__Task directions__:
Please restate exactly the lines from the one holding "Urschel Laboratories J9A" to the end of the material, including both ends and excluding every picture.

───── Collected material ─────

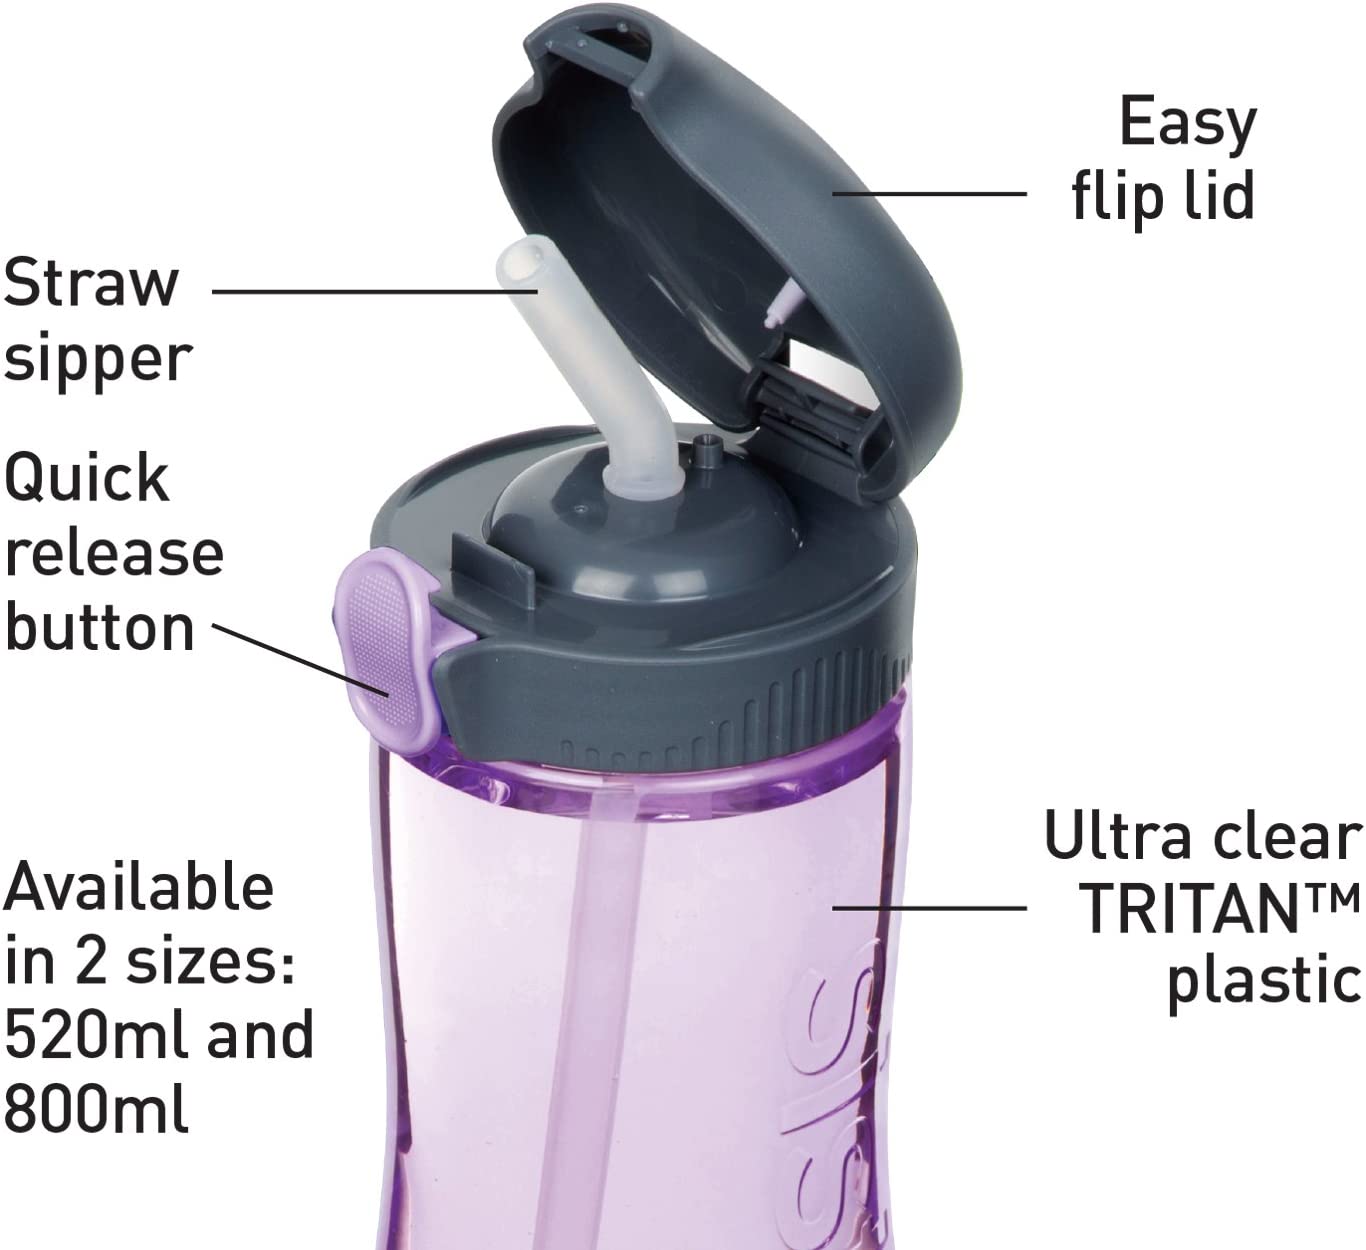 Sistema hydrate  Quick Flip bottle with straw 800ml
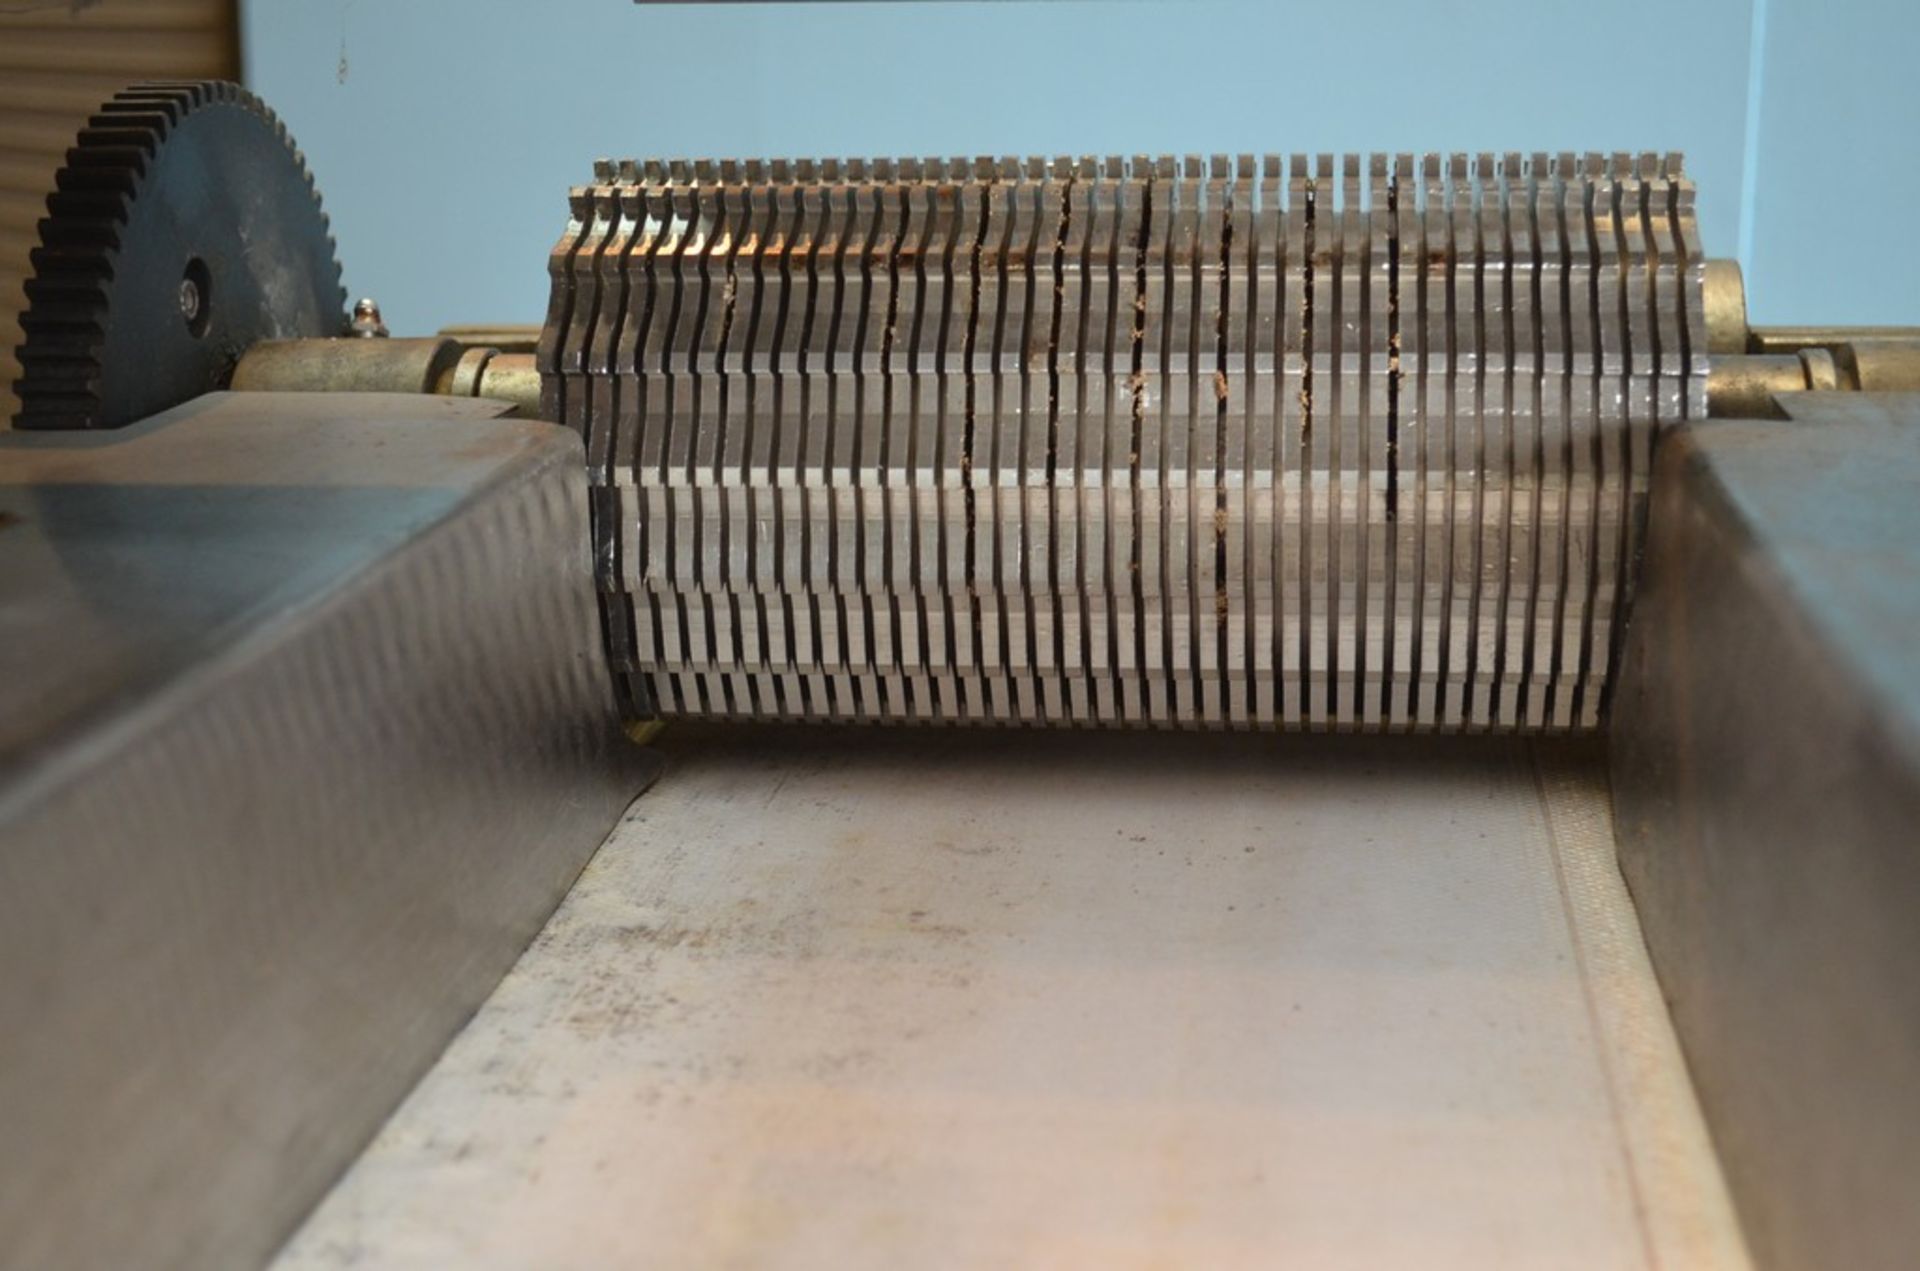 Urschel Laboratories J9A S/S Belt Fed Dicer, Strip Cutter. Circular Knife Cuts From 3/16 in to 3 in. - Image 7 of 16
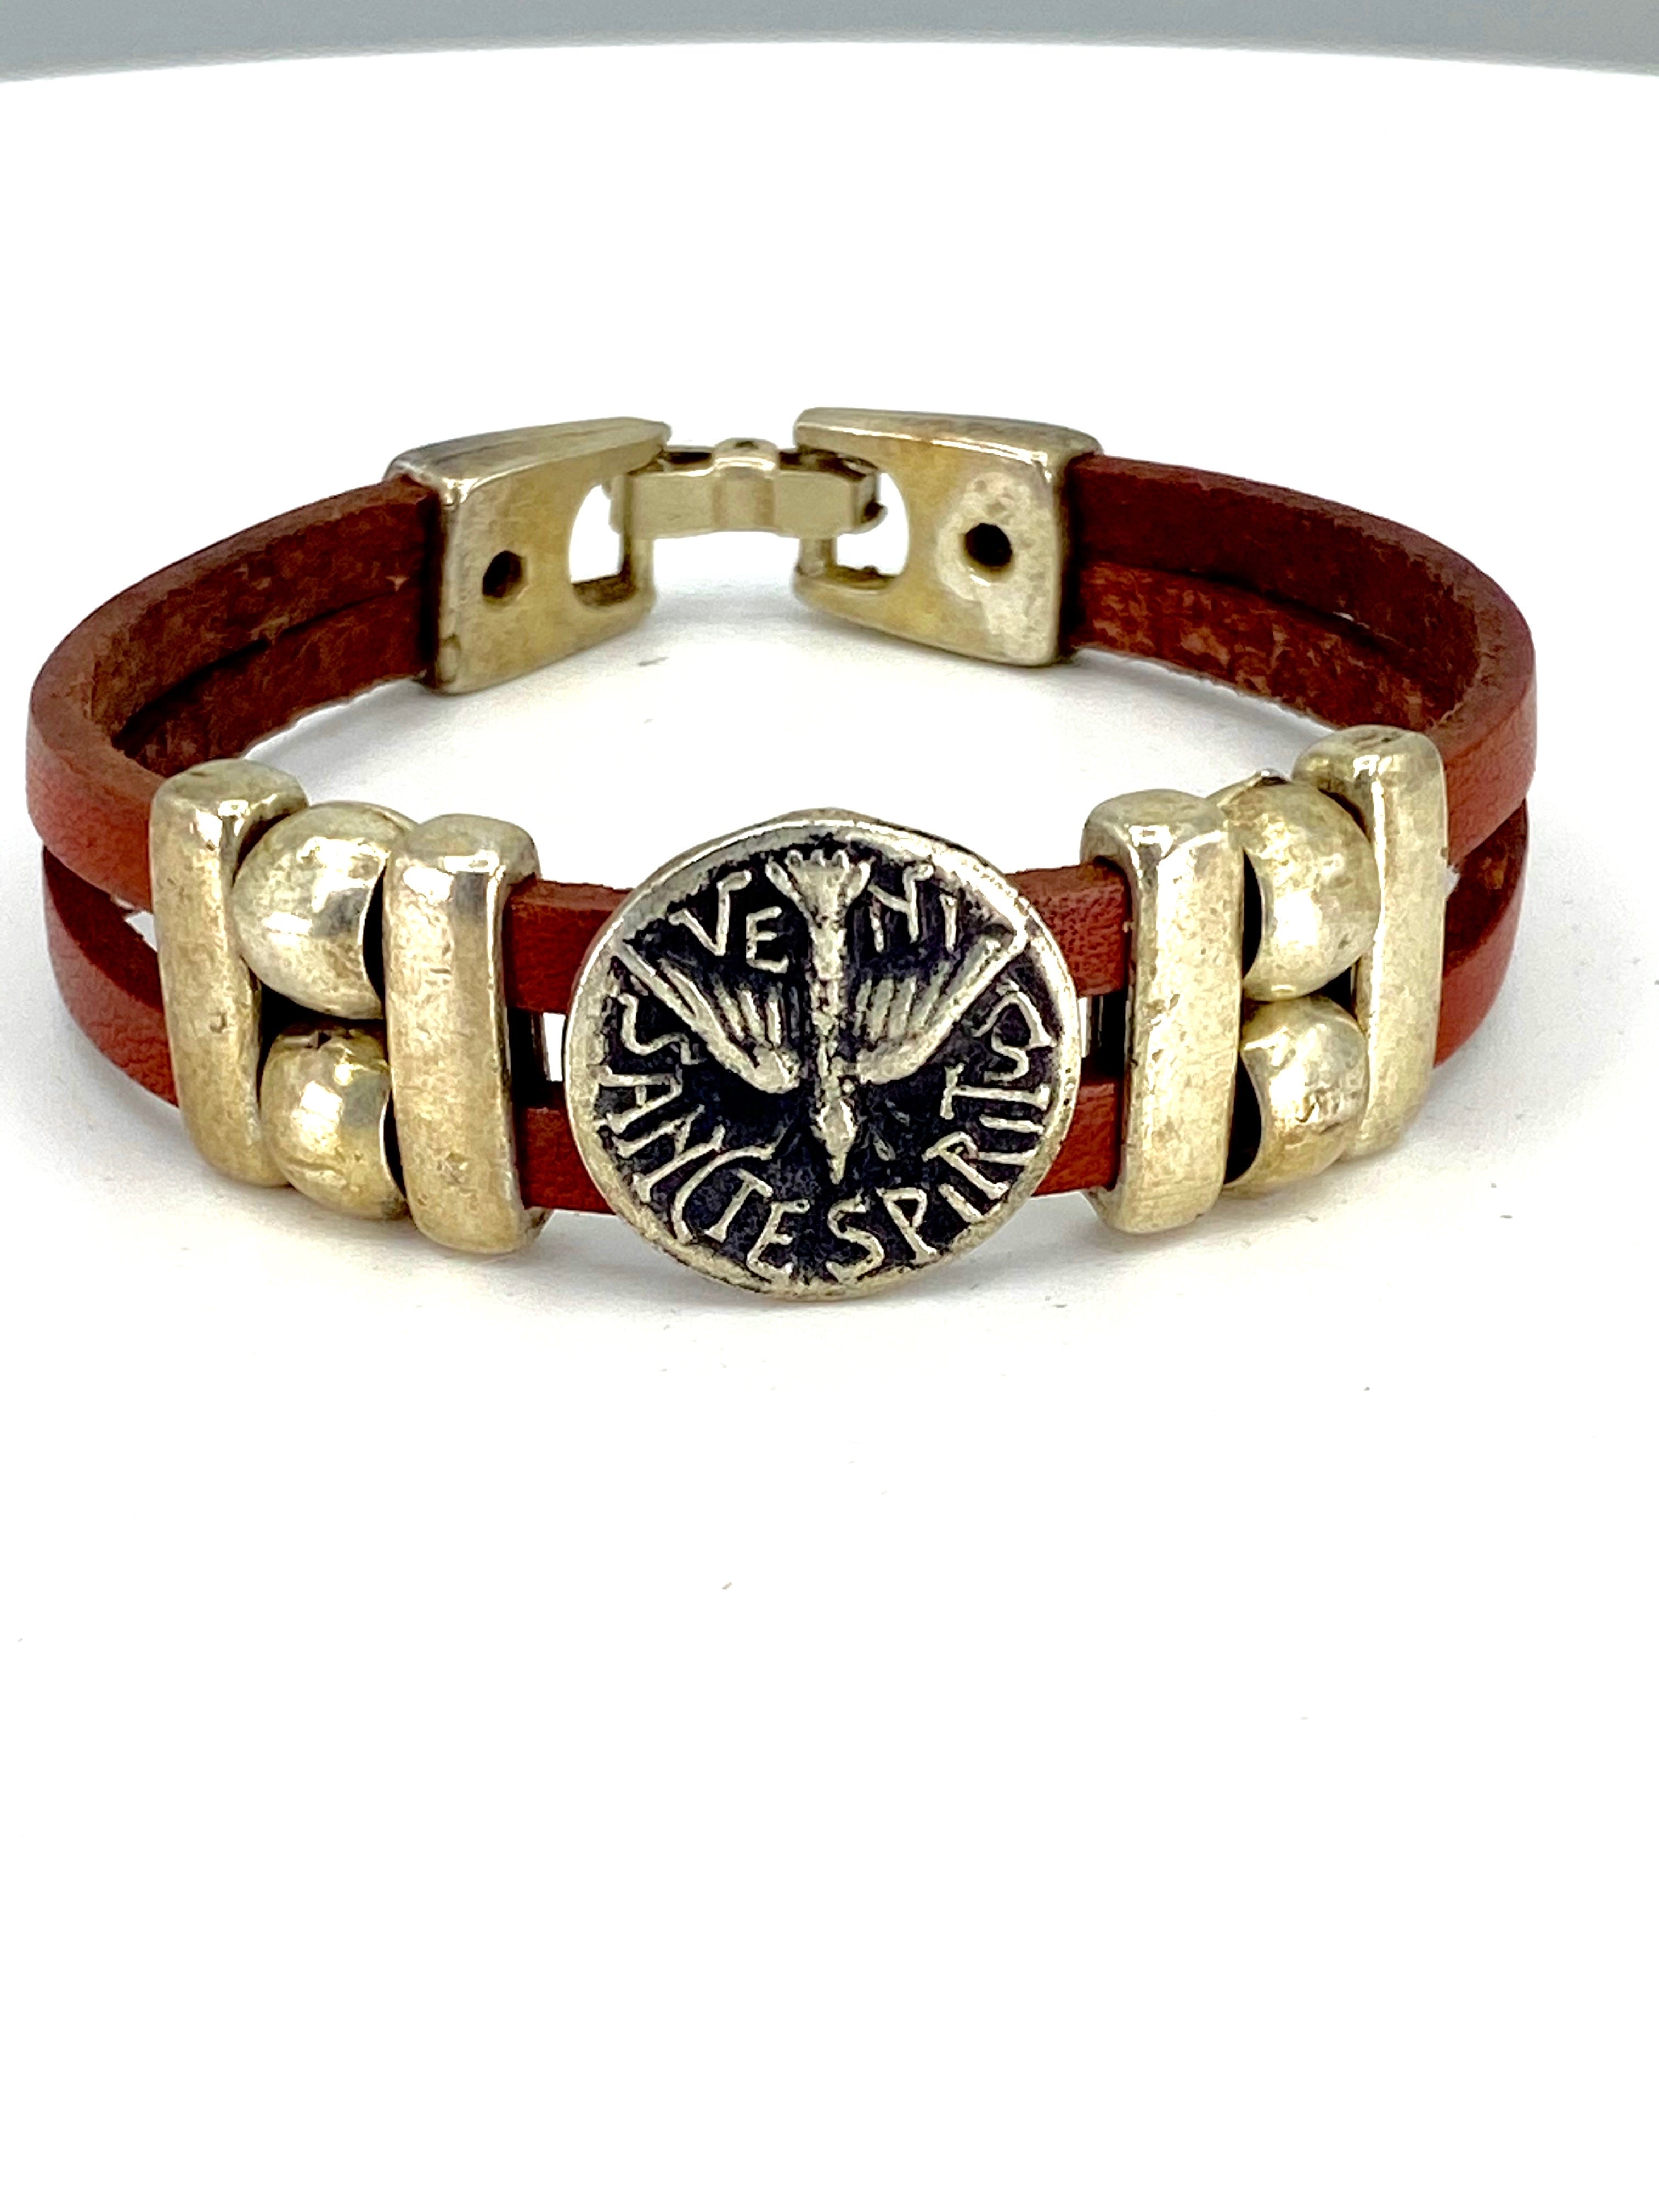 Vintage The Holy Spirit Bracelet handmade jewelry with Leather straps  by Graciela's Collection

─────

__Answer to this task__:
 Urschel Laboratories J9A S/S Belt Fed Dicer, Strip Cutter. Circular Knife Cuts From 3/16 in to 3 in. - Image 7 of 16
 Vintage The Holy Spirit Bracelet handmade jewelry with Leather straps  by Graciela's Collection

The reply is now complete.